The last time Buster Skrine was on the turf of FirstEnergy Stadium, it was Week 15 of the 2014 regular season. His Cleveland Browns, in the midst of a two game losing streak, was embarrassed at home by the 9-4-1 Cincinnati Bengals, 30-0. It wasn’t a fun experience.

What made the situation even worse was his team dropping six of their final seven games after starting the season at 7-4. Skrine will never forget that bitter taste in his mouth.

“When I left, we were first in the AFC North then lost the rest of our games,” Skrine said. “It’s the first time going back and playing in Cleveland, so it’s pretty cool. But, I’m just going to treat it like every other game.”

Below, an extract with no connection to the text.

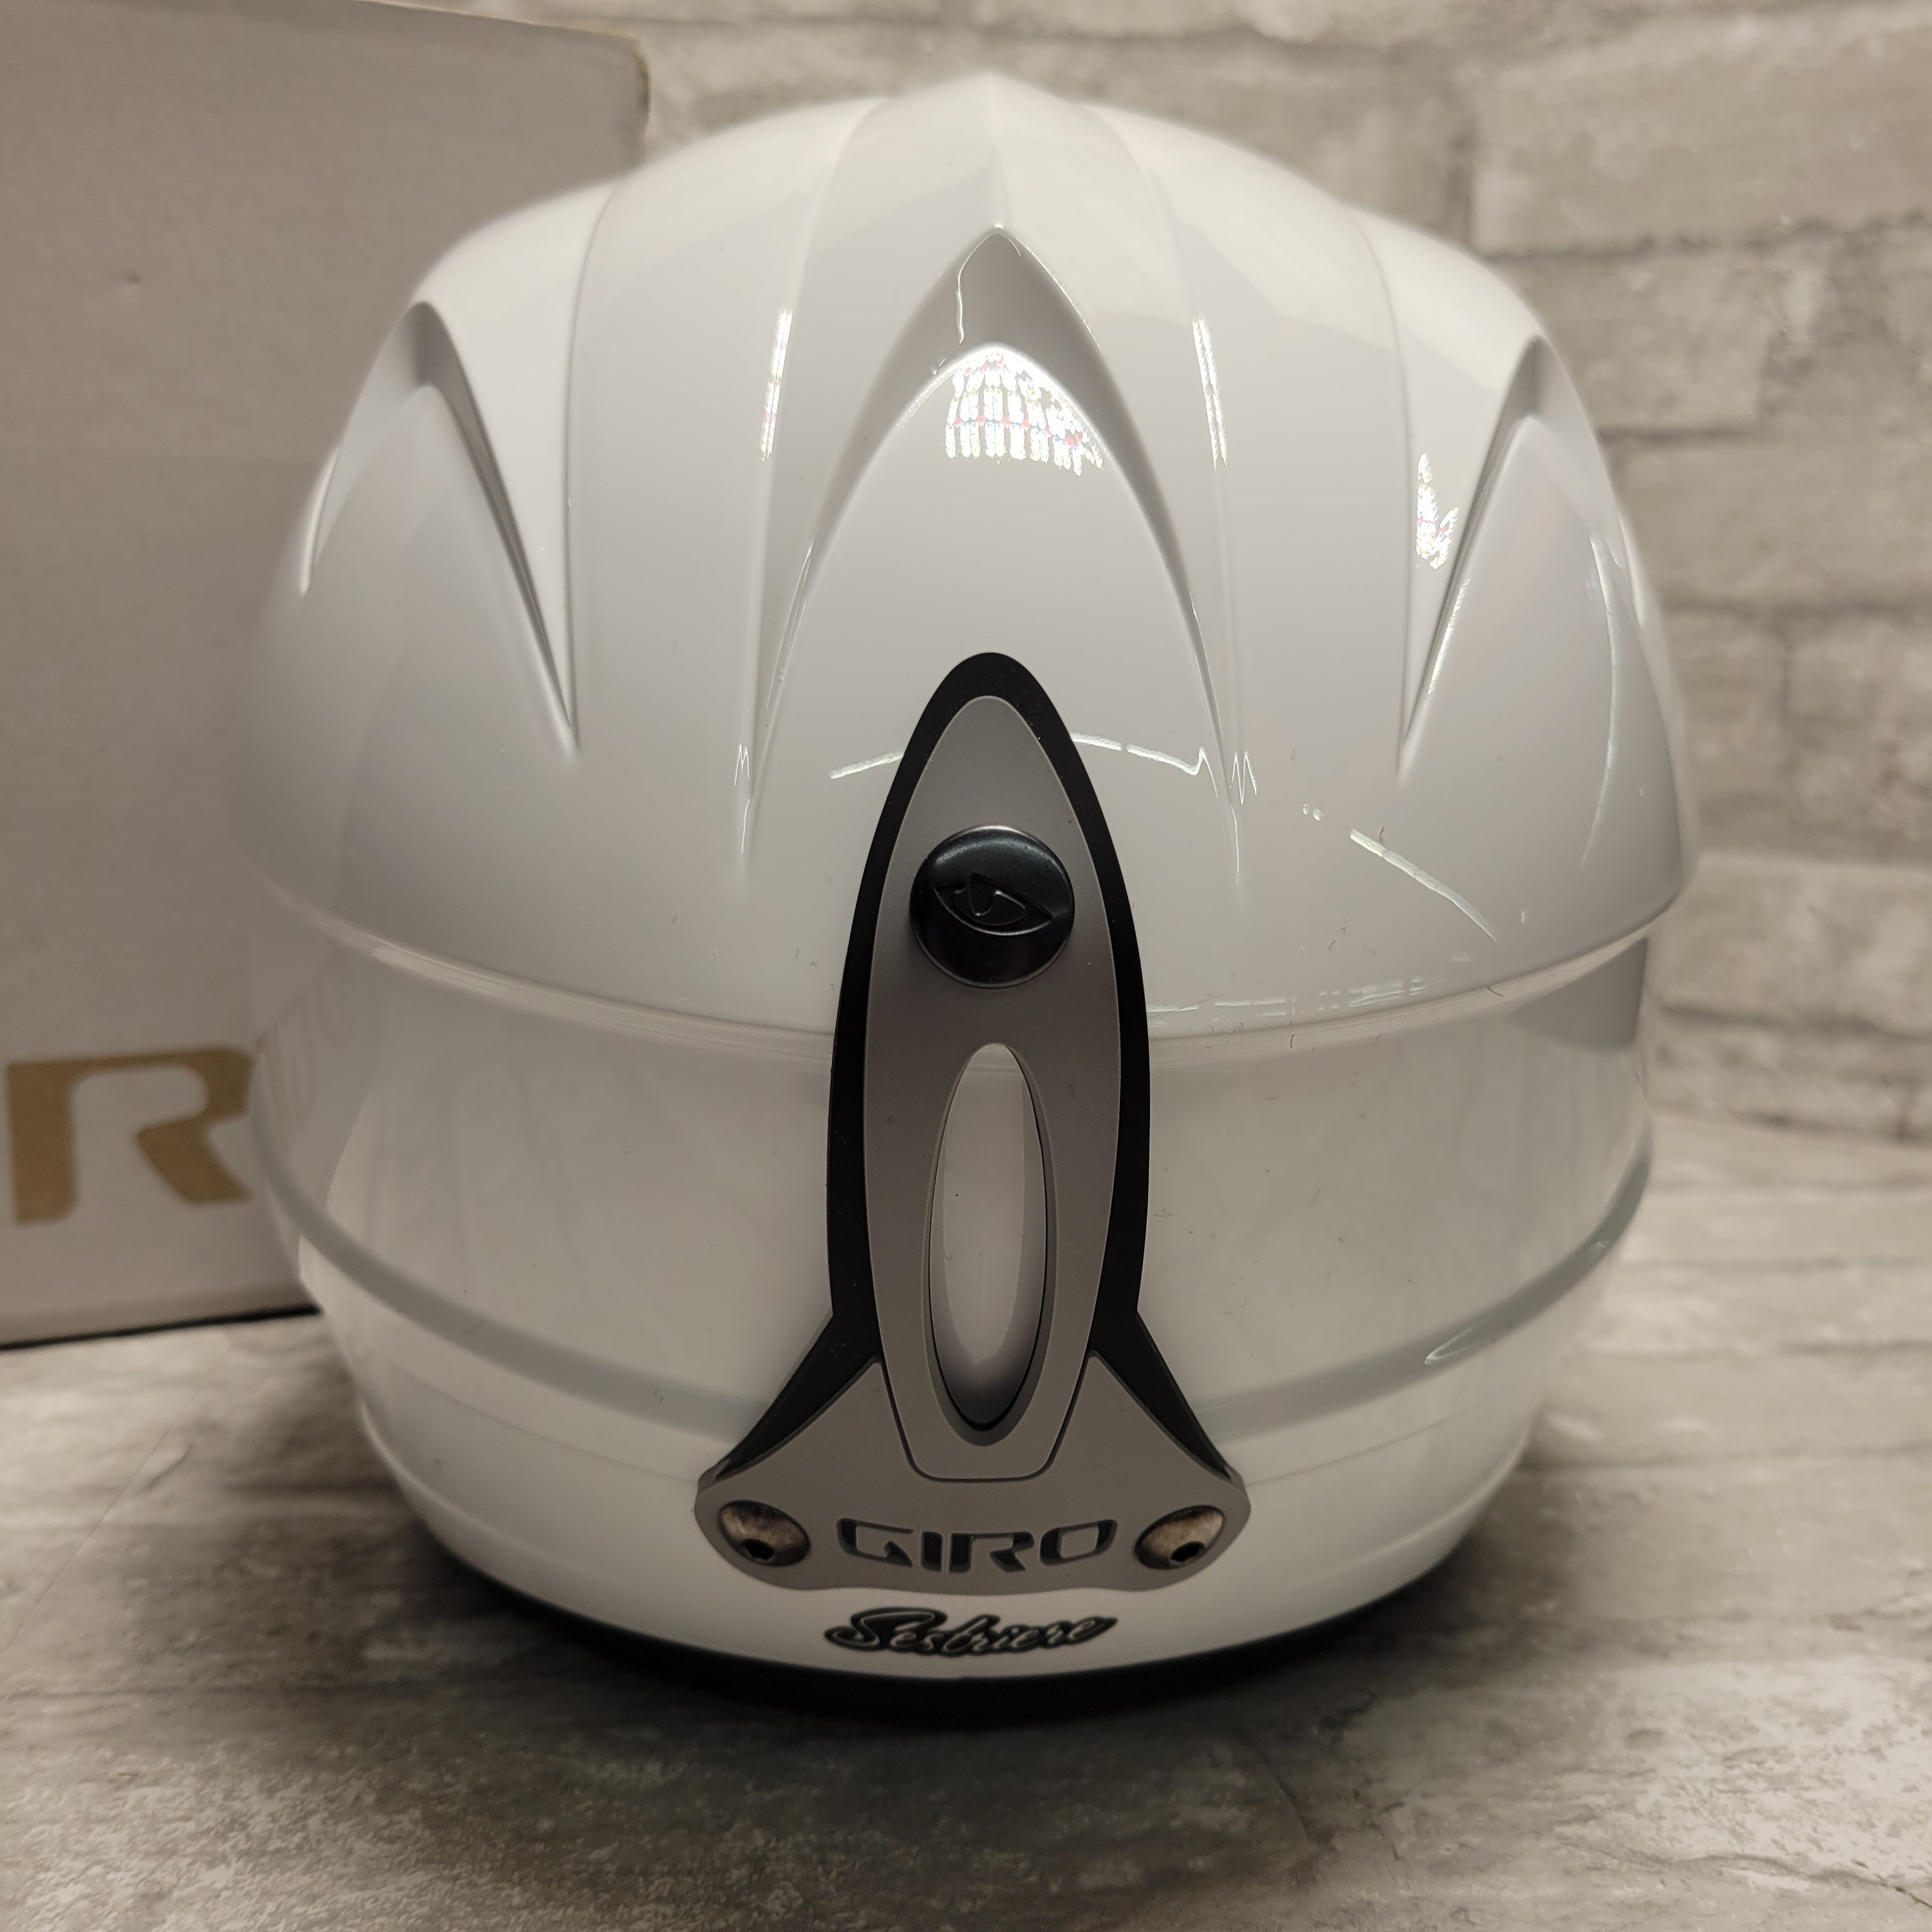 Giro Sestriere Race Snow Helmet #2033948, Adult White Medium (8075261837550)

Last year the cornerback missed the opportunity to face the team that drafted him in the fifth round of the 2011 NFL Draft. New York visited Cleveland in Week 8 but Skrine was injured. Had he been healthy, Skrine would have loved to experience the atmosphere again.

“One thing about Cleveland, its loud,” he remembered. “Every third down, on defense, it’s always loud. Cleveland’s got some loyal fans… we do too. But it’s just a different atmosphere.”

Skrine’s tenure with the Browns had its ups and downs. He showed versatility, whether starting or as a nickleback corner. And in his final two seasons, the corner started 31 of 32 games, stepping up during Justin Gilbert’s struggles and became a reliable man in the secondary. In 2014, Skrine finished tied for eighth in the NFL with a career-high four interceptions and finished tied for fourth with 18 passes defensed. The corner also proved his tackling ability as he finished sixth on the Browns with 66 tackles, including 55 solo.

The Jets go into Cleveland winners of two straight, looking to be over the .500 mark for the first time since January 3, 2016. With the Browns a hapless 0-4 to start the year, Skrine’s team knows not to take anything for granted. They’re not good enough, yet, to start guaranteeing victories. Besides, even at 0-4, the Browns offense poses a difficult threat.

“They’ve got a good offense,” Skrine said. “Duke Johnson (Jr.) is their biggest threat, Kenny Britt has a big body. When he’s on, he’s really on.”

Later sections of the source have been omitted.